Data Platform/Systems/Airflow/Upgrading
We have the following procedures in place to upgrade Airflow versions.
Configure feature branch
Check out a working copy of the https://gitlab.wikimedia.org/repos/data-engineering/airflow-dags repository
Create a feature branch, for example: git checkout -b airflow_version_2_6
Determine the new version number, which is based on
- The airflow major, minor, and patch versions
- The python environment major and minor versions
- The date of creation
For example: 2.6.0-py3.10-20230510
Update conda environment
Modify the conda-environment.yml
file with the new version of airflow that is to be used.
Execute ./generate_conda_environment_lock_yml.sh
which will update the file generate_conda_environment_lock_yml.sh with the specific package versions in the environment.
This file may require modification before proceeding. One known error is that it removes the gitlab URLs from the workflow_utils and conda-pack packages. These modifications should be reverted.
Execute ./check_conda_environment_lock_yml.sh and verify that a conda envionment can in fact be created from the specification. Check for the output:
An environment could be created form conda-environment.lock.yml
Execute unit tests
Execute the following:
export PYTHONPATH=.:./wmf_airflow_common/plugins
tox
tox -e lint
Ensure that all tests pass
Update debian packaging parameters
Update the gitlab.ci.yaml
and Dockerfile
files with the new package version.
Add an entry to the debian/changelog
- This can be made a little simpler with the command dch -v 2.6.0-py3.10-20230510 -D buster-wikimedia --force-distribution
Stage your changes for commit: git add gitlab-ci.yaml Dockerfile debian/changelog
Commit your chages with git commit
Build the package with GitLab CI
Push your branch back to GitLab with git push --set-upstream origin update_airflow_2_6
Browse to the feature branch in GitLab and locate the CI pipeline for the branch, as shown in the following image.

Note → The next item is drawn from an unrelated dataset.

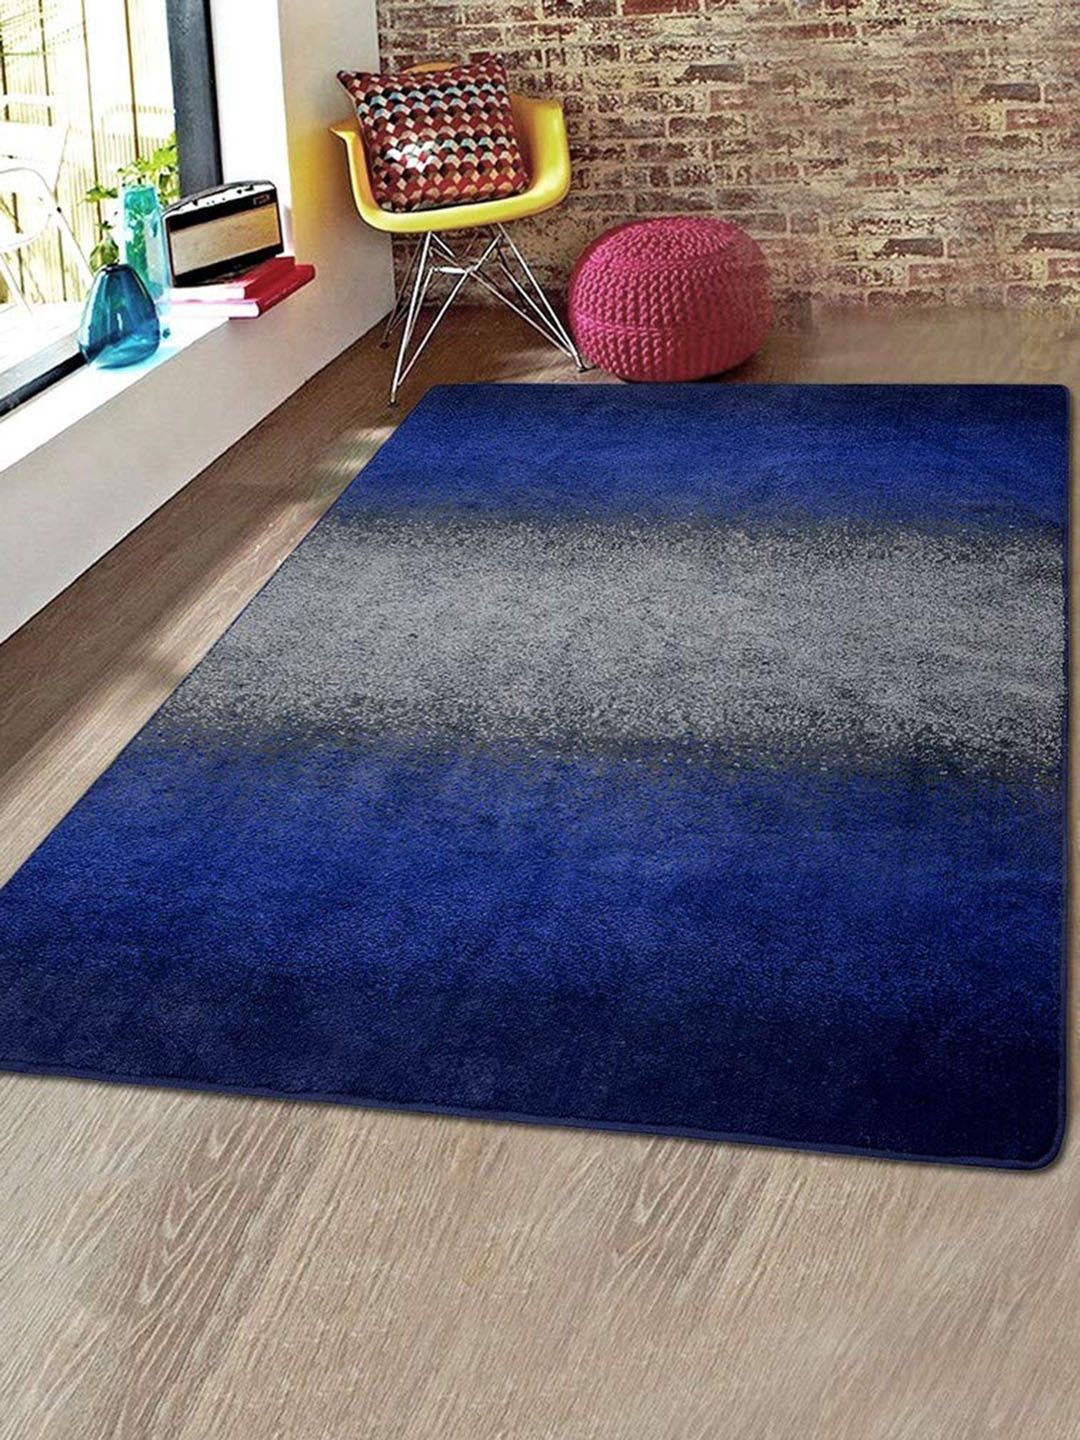 Saral Home Blue & Grey Aeon Design Microfiber Anti-Skid Carpet Price in India

![Location of the link to the airflow feature branch pipeline](http://upload.wikimedia.org/wikipedia/labs/thumb/3/3f/Airflow_branch_pipeline.png/220px-Airflow_branch_pipeline.png)
Click on the triangle in the publish_airflow_package_with_docker stage.
![Location of the publish airflow package with docker stage](http://upload.wikimedia.org/wikipedia/labs/thumb/4/41/Publish_airflow_package_with_docker.png/220px-Publish_airflow_package_with_docker.png)
When the stage has built successfully, navigate to the Package Registry section of the repository.
![Location of the Airflow package built by GitLab-CI](http://upload.wikimedia.org/wikipedia/labs/thumb/5/5d/Airflow_package.png/220px-Airflow_package.png)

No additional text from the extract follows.